Recuerdos de la campaña de África: 05
Capítulo IV
Aprovechando la tregua que el reciente escarmiento de los moros nos proporcionaba, consagré mi tiempo al reconocimiento y estudio del campo conquistado, y de la nobilísima ciudad de Ceuta, cuya historia se pierde en la oscuridad de la fábula, como una estrella en la inmensidad del espacio. Penetré primero, en la Mezquita, tosco y reducido templo erigido por la piedad musulmana a la memoria de un santón, que duerme allí en brazos de su fe el eterno sueño de la muerte; pero cuyo espíritu vaga y reina en aquellas agrestes comarcas como una tradición, como un recuerdo. Su nombre se ha olvidado; los mismos que le imploran no saben quien fue; sólo saben que rigió su alma la justicia; que consoló muchos dolores y enjugó el llanto de los que padecían; ¿acaso necesitan saber más? Los años que gastaron la vida del santón, han reducido a polvo sus huesos; todo cuanto pertenecía a la tierra, la tierra lo ha recobrado, vida, nombre, honores, ilusiones y desengaños; sólo ha quedado de él la memoria de sus virtudes, y esto le basta para ser inmortal.

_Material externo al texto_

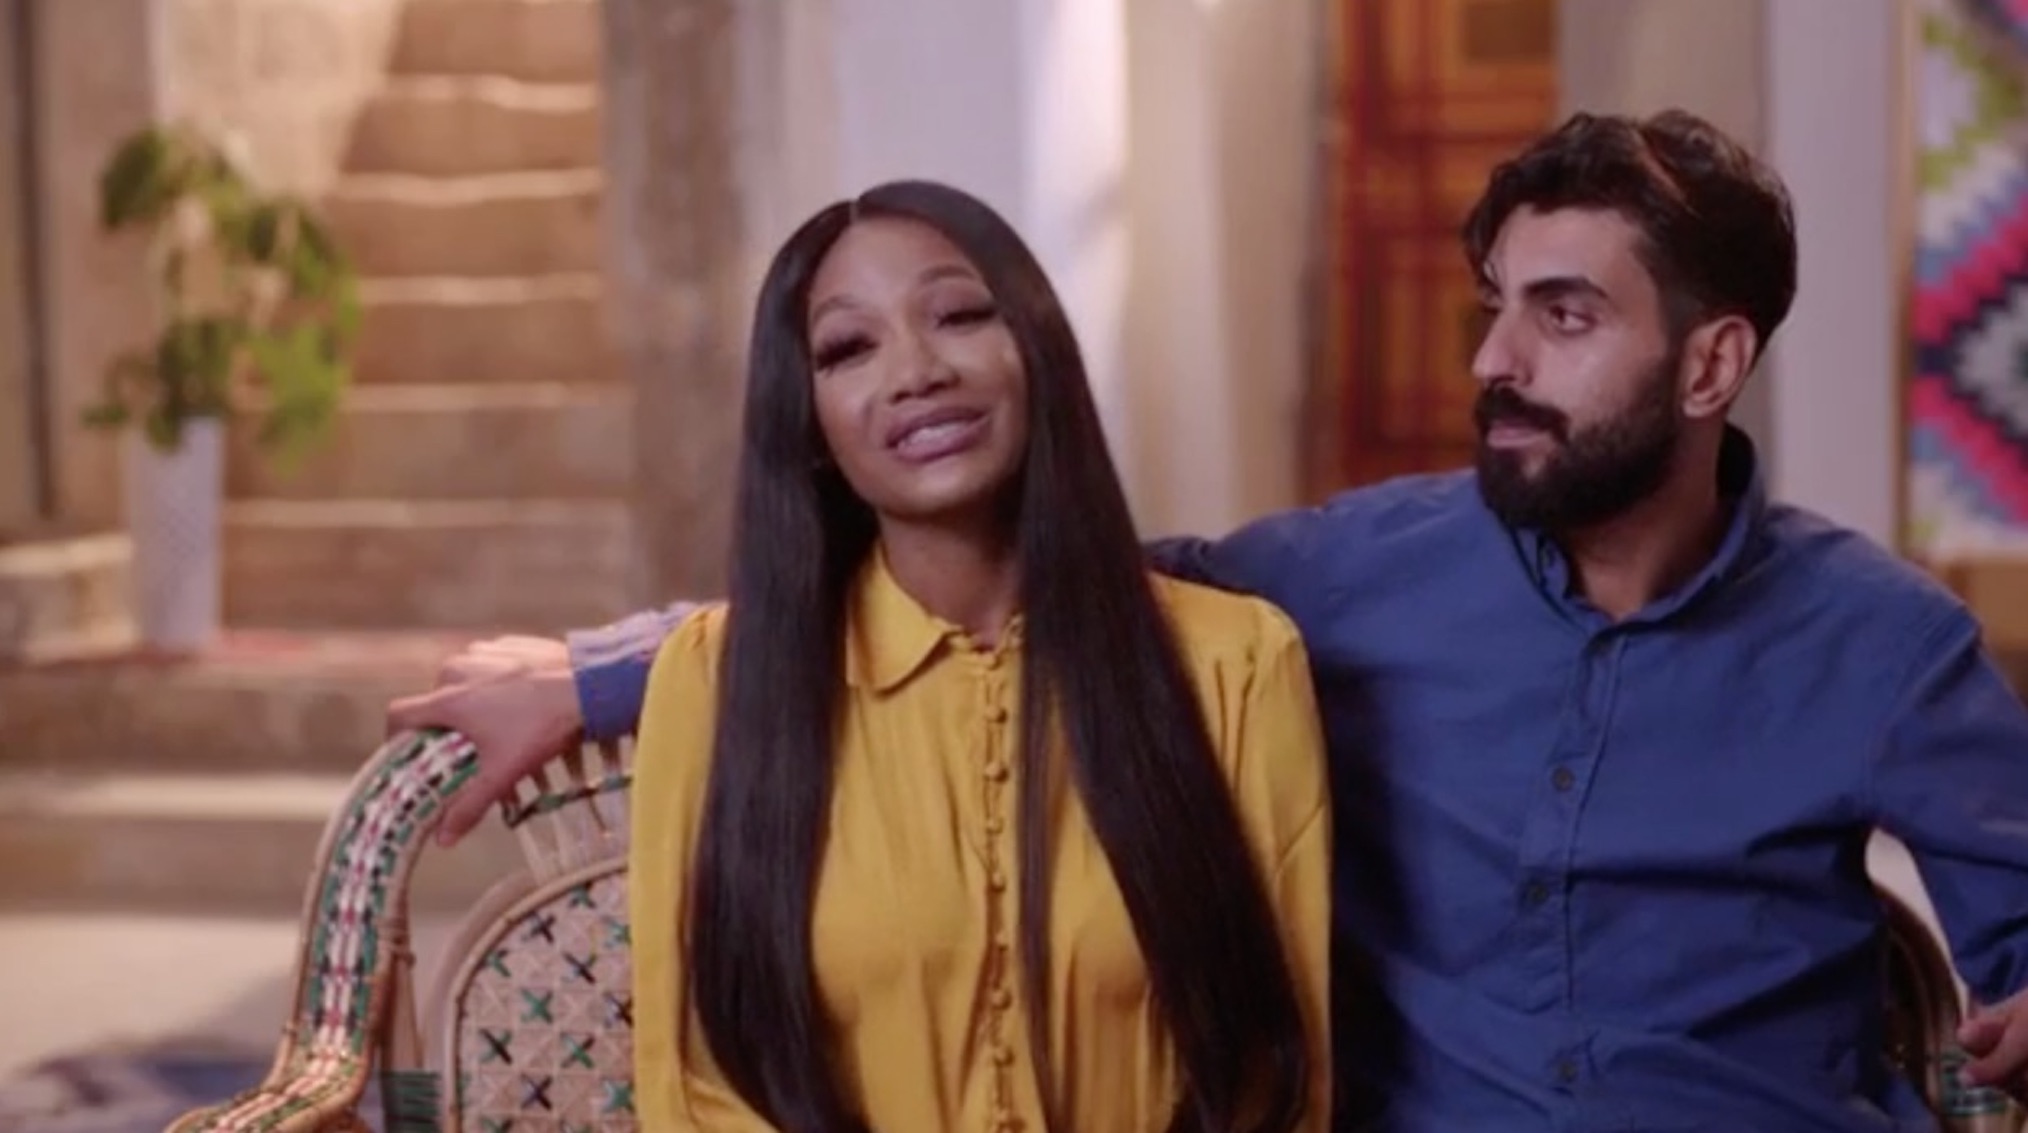 '90 Day Fiancé: The Other Way': Future as Wide as the Ocean (RECAP) - 90 Day Fiancé The Other Way Season 3 Episode 2

Es la Mezquita un templo moro mucho más reducido que nuestras ermitas de aldea, bajo de techo, de cúpula enana, blanqueado todo él por fuera y por dentro, con una cal limpia y brillante. A uno de los lados de la puerta está el babuchero en donde cuando yo llegué, vi un candil de barro, pintado de verde y sin asa, y en medio de la Mezquita, descansa en el suelo el cuerpo del santón. Sobre su sepultura se levanta, o por mejor decir se levantaba, porque ya, según mis noticias, se ha destruido todo, una especie de jaula de madera, tosca, pero caprichosamente labrada; yo no sé si como un relicario o como un sepulcro. Abríanse en la tierra o argamasa extendida sobre la huesa varias hendiduras, que servían en otro tiempo para humedecer todos los viernes con agua de fuente el consumido polvo del bien aventurado mahometano, y de los palos de la jaula-sepulcro pendía multitud innumerable de hilachas que habían arrancado de sus turbantes o chilabas para colgarlas allí a guisa de ofrenda, los moros fanáticos y supersticiosos. Las paredes interiores y exteriores de la Mezquita estaban llenas de inscripciones en alabanza de Dios y del profeta, trazadas groseramente con lápiz o carbón, y entre las cuales sólo encontré una que por su estilo casi bíblico mereciese ser copiada. Decía así: Señor, en los peligros de la espada tú eres mi espada.
Después de haber visto la Mezquita, dirigí mis pasos hacia el Serrallo, derruido edificio que se distingue no muy lejos, sobre una altura pelada de árboles y escasa de yerba. Registré, pues, estas curiosas ruinas, hollando por todas partes montones de escombros, subiendo y bajando escaleras desquiciadas y oscuras, que conducían a estrados sin techo, sin puertas ni ventanas, por donde el viento pasaba a su antojo. Todavía se conservan en algunas paredes ennegrecidas por el tiempo, labores que recuerdan las de la Alhambra, y un ancho patio, con elegantes arcos de herradura, en cuyo centro se alza un pozo, de forma primitiva, como vemos aún en algunas láminas del Antiguo Testamento.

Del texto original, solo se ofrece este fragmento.